The political horse-trading will get underway in Westminster today as Britain dusts itself down after the most unpredictable election for a generation, but will whoever occupies Number 10 and the Cabinet table change the country's relationship with China?
No. That's the simple answer.
Early indications show it is likely David Cameron will remain as Prime Minister, although the party who will prop up his coalition to give him the votes he needs for a majority in the House of Commons will shift from the decimated Liberal Democrats. But will Nicola Sturgeon's Scottish National Party want to get into bed with the Tories?

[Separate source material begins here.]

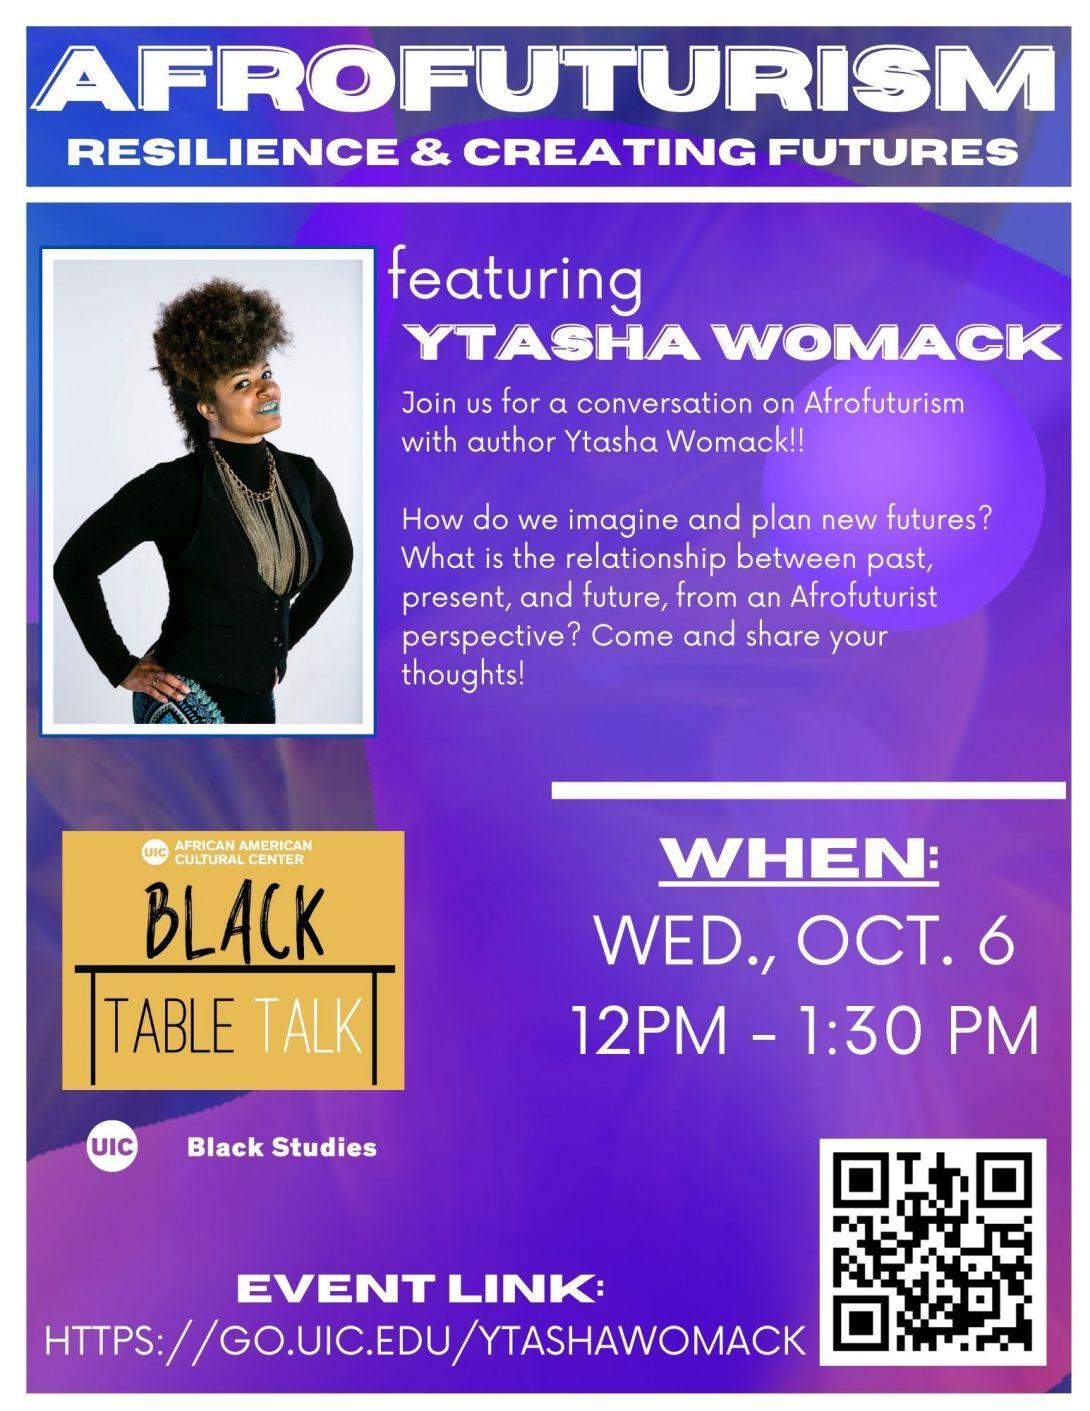 Black Table Talk

For Britain and China though, it will be a case of 'as you were'. UK PLC needs a relationship with the Middle Kingdom, but the ties are purely economic. Sure, Prince William was a visitor a couple of months back, but the purpose of that was to grease the wheels of trade. Likewise, when Chancellor of the Exchequer George Osborne, the UK's Finance Minister, took a trip to Beijing in late 2013, the aim was to promote business and investment between the two countries.
British governments of whatever persuasion know they need to improve economic ties with China. There might be the occassional concern raised about internet censorship or human rights, but there is no desire on either side to have anything like the 'Special Relationship' the UK enjoys with the USA.
No, things are strictly business, and will remain so whoever gets into Downing Street.